**Records shown**
====================

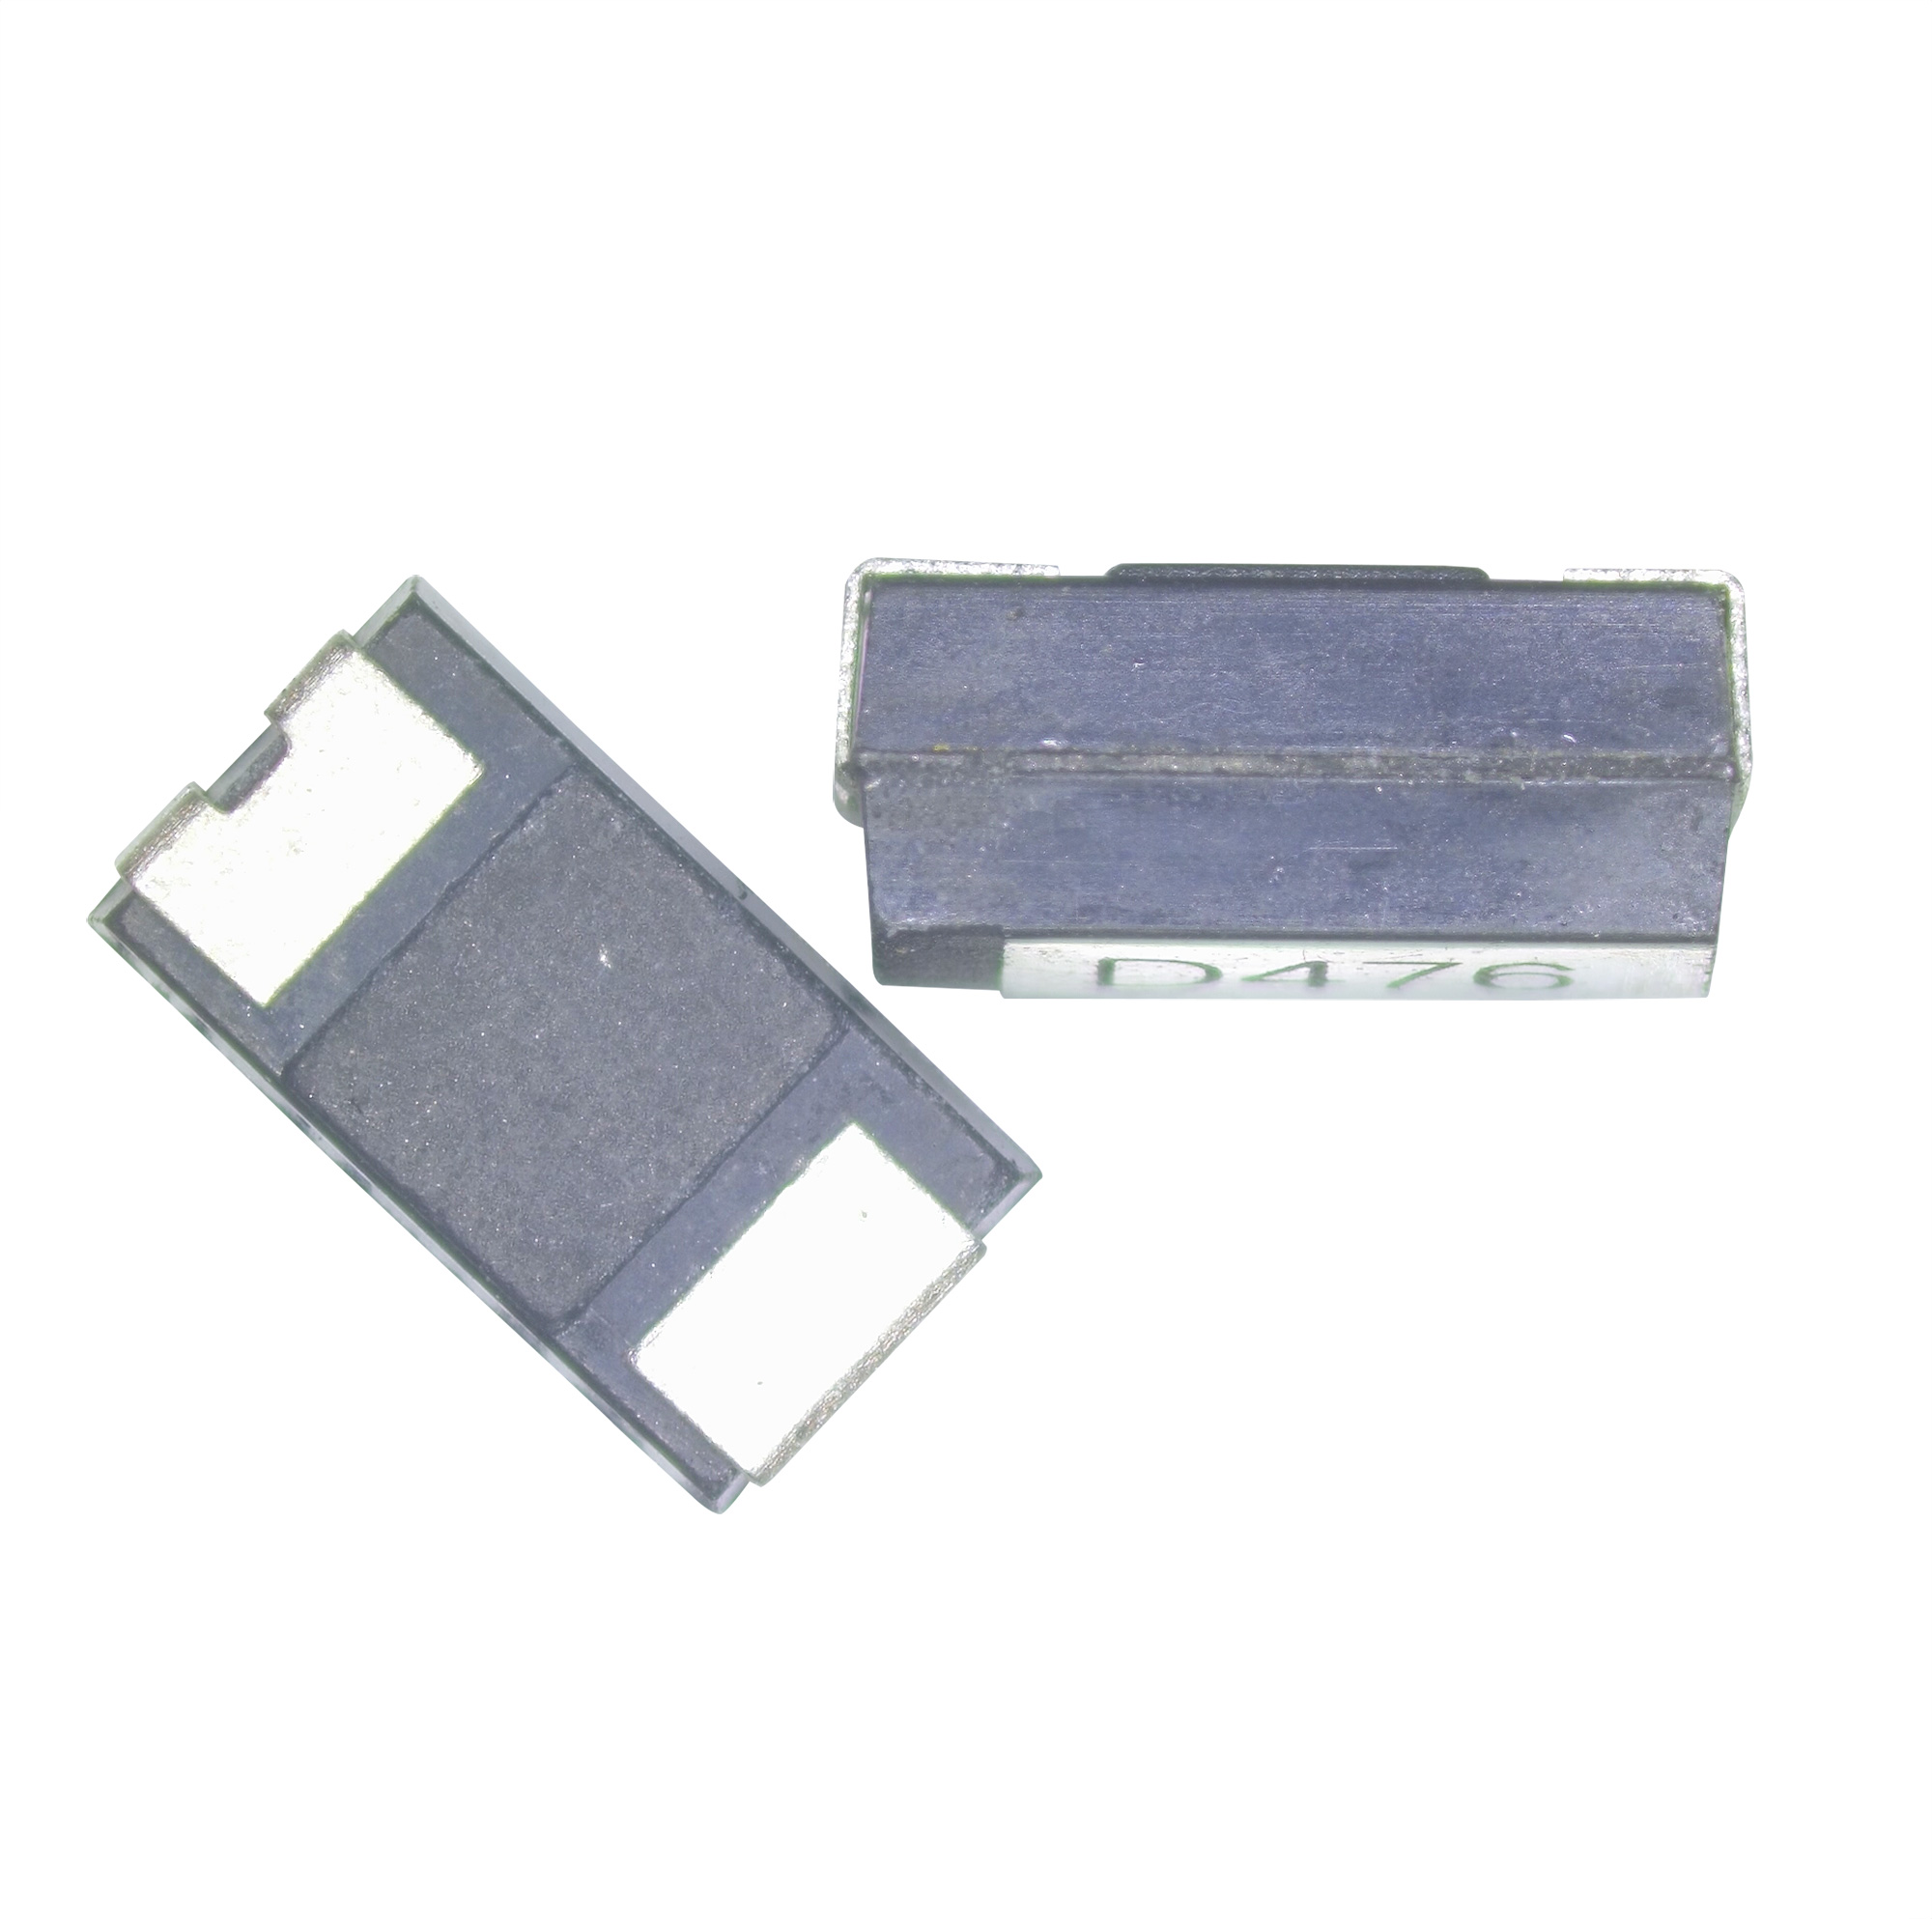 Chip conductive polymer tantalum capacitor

====================

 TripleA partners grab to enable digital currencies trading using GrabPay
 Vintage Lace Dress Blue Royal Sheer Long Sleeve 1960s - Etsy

====================

**Task**
All lines above between those holding "TripleA partners grab" and "Vintage Lace Dress", inclusive, must be set down unchanged, and no other line may be included.

**Written solution**
 TripleA partners grab to enable digital currencies trading using GrabPay
 Vintage Lace Dress Blue Royal Sheer Long Sleeve 1960s - Etsy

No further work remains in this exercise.